Pennies are the worst. I stopped carrying those around about twenty years ago. I put them in an old (empty) half-gallon scotch bottle. I still have one or two sitting around (they make great door stops). The US Mint has finally stopped producing them earlier this year; after all, they cost over two cents each to produce, so it was a bit ridiculous. With the latest revival of inflation, the days of nickels and dimes will likely be over pretty soon. The efforts to promote dollar coins won’t ever come to fruition; coins will soon be a thing of the past; swept away by inflation, weight, and the seemingly inexorable tide of electronic money. So much for the old Westerns in which a grizzled cowboy would bite a coin to see if it was legit.
My favorite historical tidbit about coins has to do, of course, with Sir Isaac Newton. After the small matters of discovering gravity, clarifying optics, and (co-) inventing calculus, Newton went on to something really crucial. In the 1690s he was made Master of the Mint, in charge of English coinage. There he developed the idea of the ridges on the rim of the coin (most noticeable to us now on the US quarter) in order to complicate counterfeiting and make evident any snipping off of a little bit of the outer edge of a coin (flakes of silver could really add up).
People took coins seriously back then and had for hundreds of years. They were a convenient means of carrying easily useable and reasonably reliable value. Coins were first used in China about 3000 years ago and used in many Greek and SW Asian cultures for well over 2000 years. Coinage was a central part of what newly-constructed European states did in the early modern period. Even after paper money was developed (China in the 11C, Europe in the 13C), coins remained far more important until the 19C.
As evidenced by the continuing market for gold, what people decide is “valuable” is entirely a social/cultural phenomenon. Millennia of use have given coins a lot of weight (sorry) in this regard. The gradual shift to paper currency was attended by lots of arguments over whether a piece of paper with some words printed on it could be ever be worth anything. In theory, at least until the 19C (and later 20C in some cases), the theory was that the piece of paper was just a convenience since it represented an actual chunk of gold or silver sitting in Ft. Knox (or its equivalent location). Current currency foregoes that illusion. Money is now just our shared belief in the continued existence of our government (i.e., our society). Money is worth something merely because we all agree that it is worth something and the government has told us so. The money says: “In God We Trust;” but actually it’s more like “In Biden/Trump/Obama/Bush… We Trust.”
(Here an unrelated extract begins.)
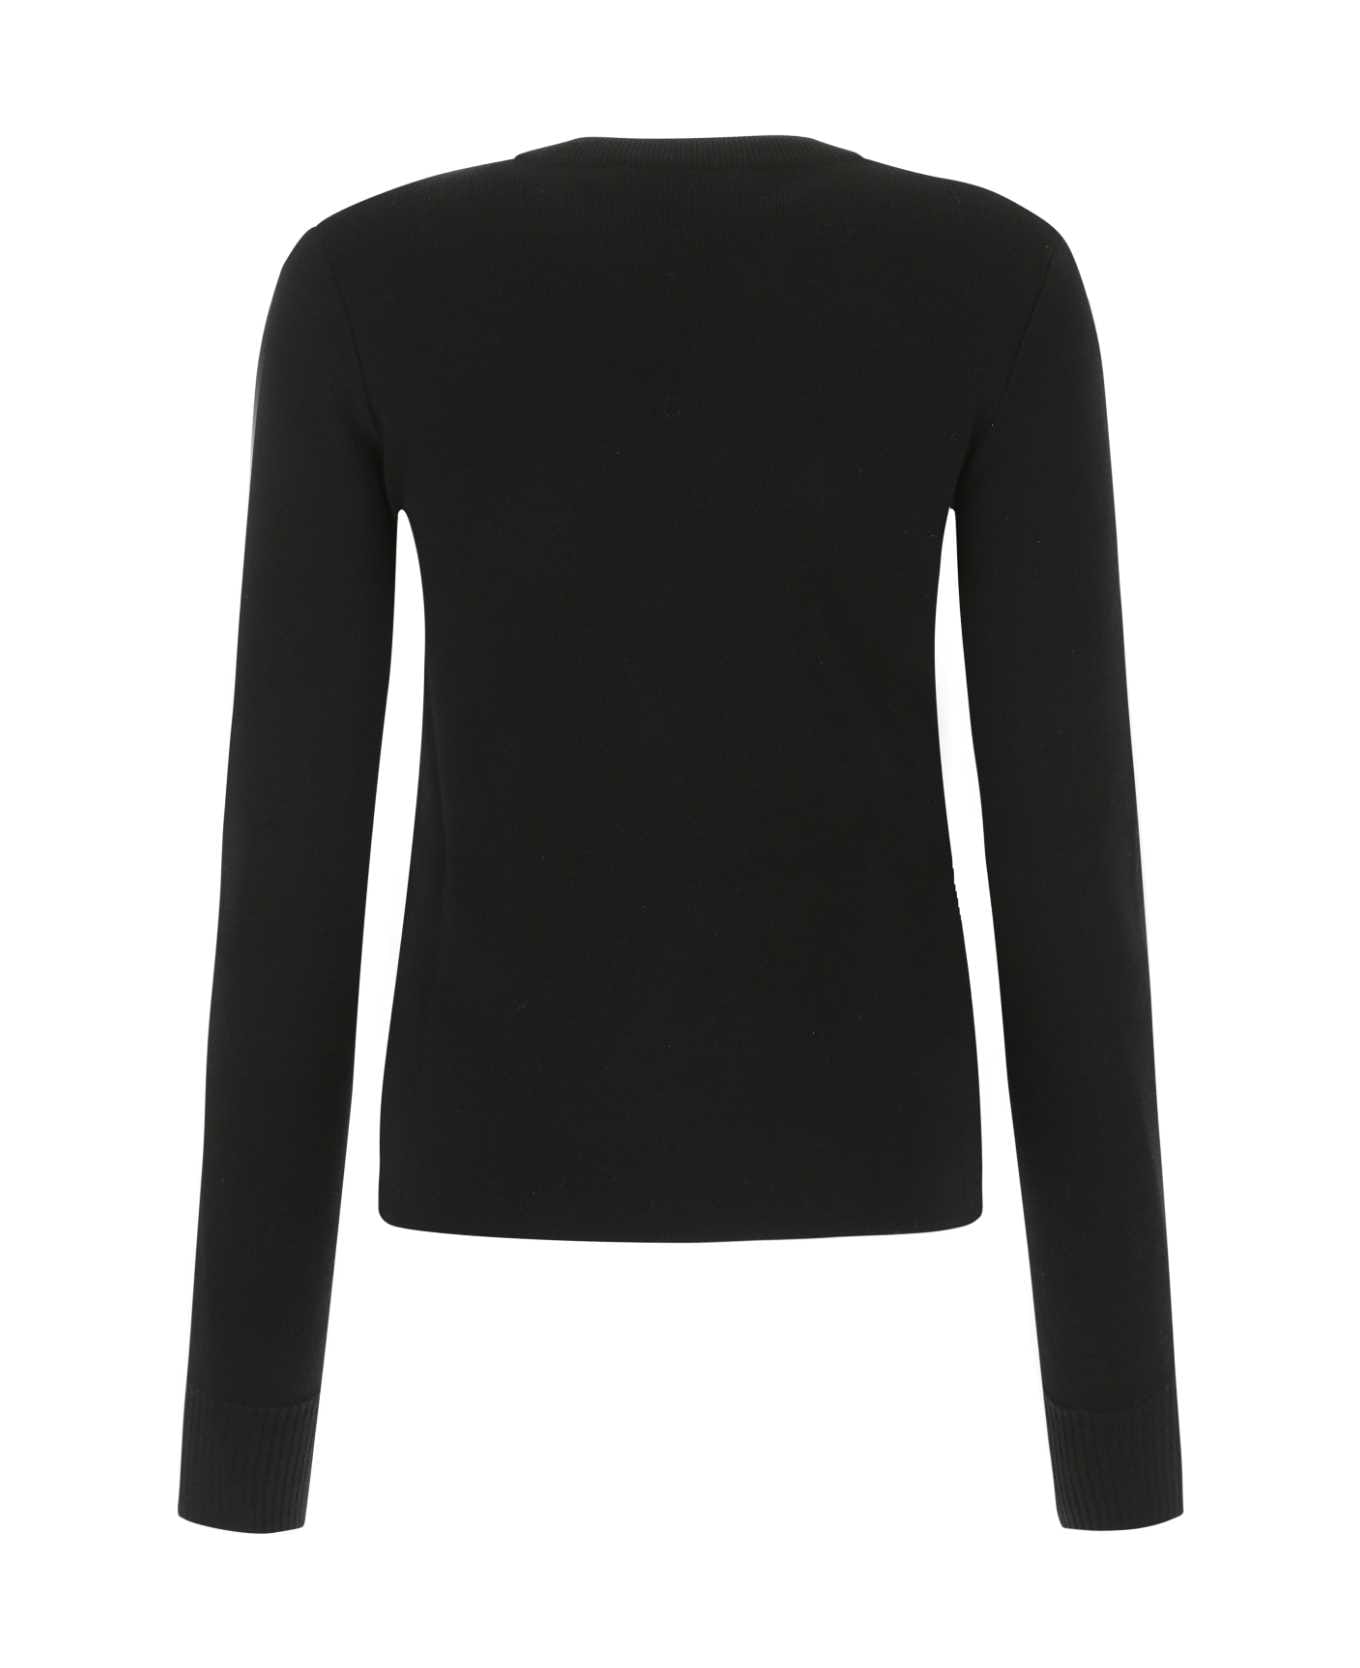 Alexander McQueen Black Stretch Wool Blend Sweater - 1000 ニットウェア

We used to rely on something tangible (bite-able?), then something nicely printed. Now we don’t even see money at all. Credit/debit cards and automatic billing/payment/deposit have made it so that we don’t really pay attention to money on a day-to-day basis. We check our bank balance as frequently as our economic situation requires. Now, electronic payments have made things even faster/easier/ more invisible: swipe/dip/tap and you’re done; no need for a paper receipt. Automatic payment plans cover much of our regular expenses. I get an email notification and make sure there’s enough in the bank account and I’m done. I might write about one check a month; and grumble when I do so. All the payment processors are rolling out facial recognition payments so you can merely look at the cashier and pay for your groceries. Except for the fraud and the fees, it’s all seamless. If (when?) the internet goes out, however, we will have to revert to scrip and a lot of ordinary commerce will grind to a halt.
As a boy, I collected coins. I have stashed away somewhere, a pretty solid collection of pennies and quarters up through the 1970s. My brother collected nickels and dimes (my parent’s way of keeping us in friendly—if indirect—competition). My collection isn’t worth all that much, its retention is more a matter of storage inertia and a fear of finding out that all that youthful excitement didn’t produce any miraculous discoveries of value. I should probably bite the bullet (or the quarter) and take it to a coin store and get my few hundred bucks. Still, there is some (illusory?) remnant of value and solidity that keeps me attached to my collection.
Karl Marx, in describing modernity in the mid 19C, said “All that is solid, melts into air.” It’s nowhere more true than in the case of money. Gold and silver coins haven’t exactly melted, but have all but vanished. Even the copper-plated zinc slug that has passed for a penny for the past few decades is leaving us. Soon money will just be a wink at a waiter and electrons will do the rest.